Authoring model algorithms

The ready4fun R package supports standardised approaches to code authoring that facilitate partial automation of the documenting of model algorithms.

This below section renders a vignette article from the ready4fun library. You can use the following links to:

Motivation

The ready4 youth mental health systems model is implemented using an object-oriented programming (OOP) approach. One motivation for using OOP is the concept of “abstraction” - making things as simple as possible for end-users of ready4 modules by exposing the minimal amount of code required to implement each method.

However, some users of the ready4 modules will want to “look under the hood” and examine the code that implements module algorithms in much more detail.
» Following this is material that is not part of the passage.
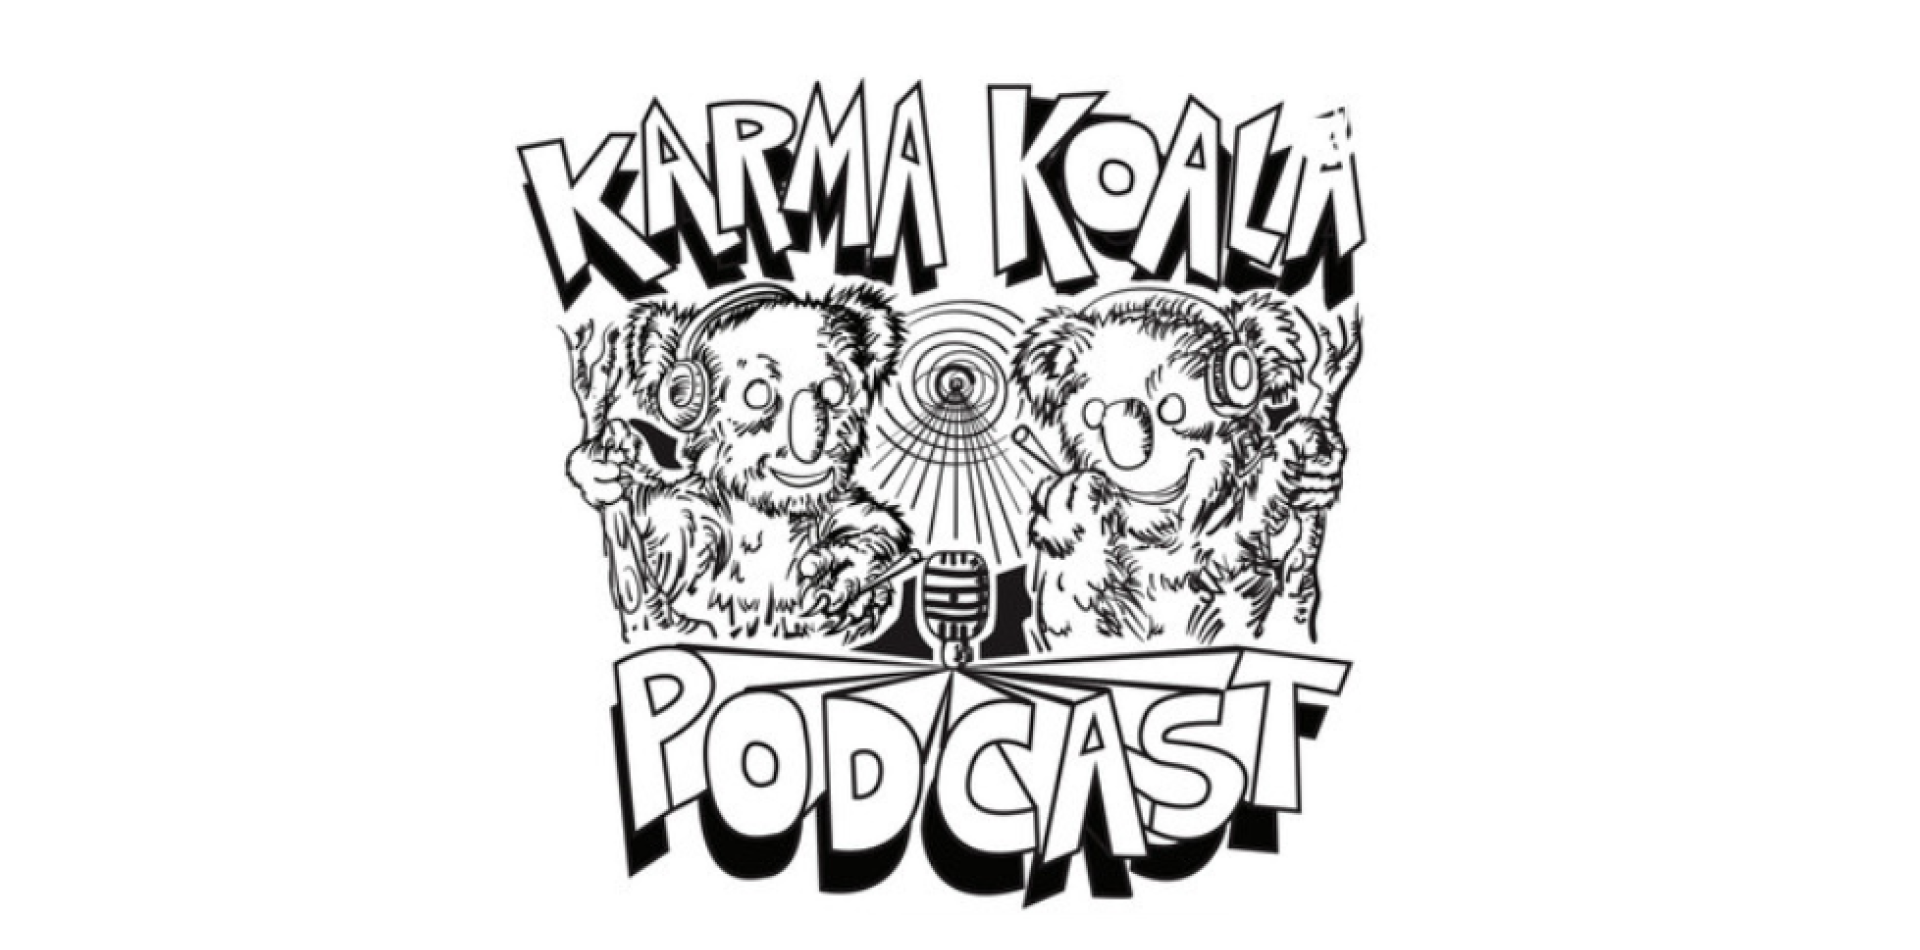 Karma Koala Podcast Episode 67: This Week Michael Sassano, Inesa Ponomariovaite &#038; Our Regular Segment From Dentons German Cannabis Head, Peter Homberg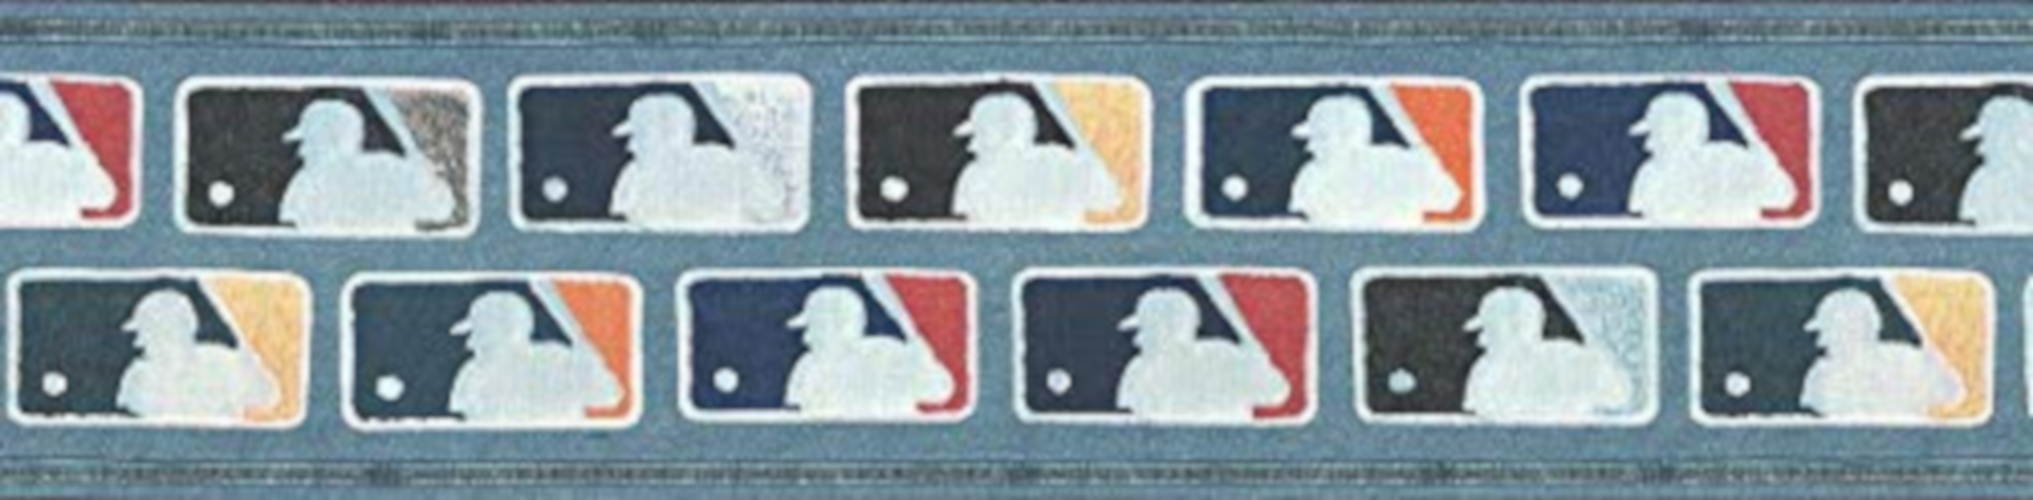 MLB Major Leage Baseball Wallpaper Border 05805010 Village

Reasons to do so include to:

  • gain detailed insight into how methods are implemented;
  • test individual sub-components (“functions”) of methods as part of code verification and model validation checks;
  • re-use functions when authoring new methods.

Therefore when authoring ready4 code libraries, it is important to ensure that “under the hood” code can be readily understood. Two ways for achieving this goal is to ensure that all functions (even those not intended for use by modeller end-users) are adequately documented and adopt a consistent house style (e.g. naming conventions). ready4fun provides workflow tools (classes, methods, functions and datasets) to achieve these goals.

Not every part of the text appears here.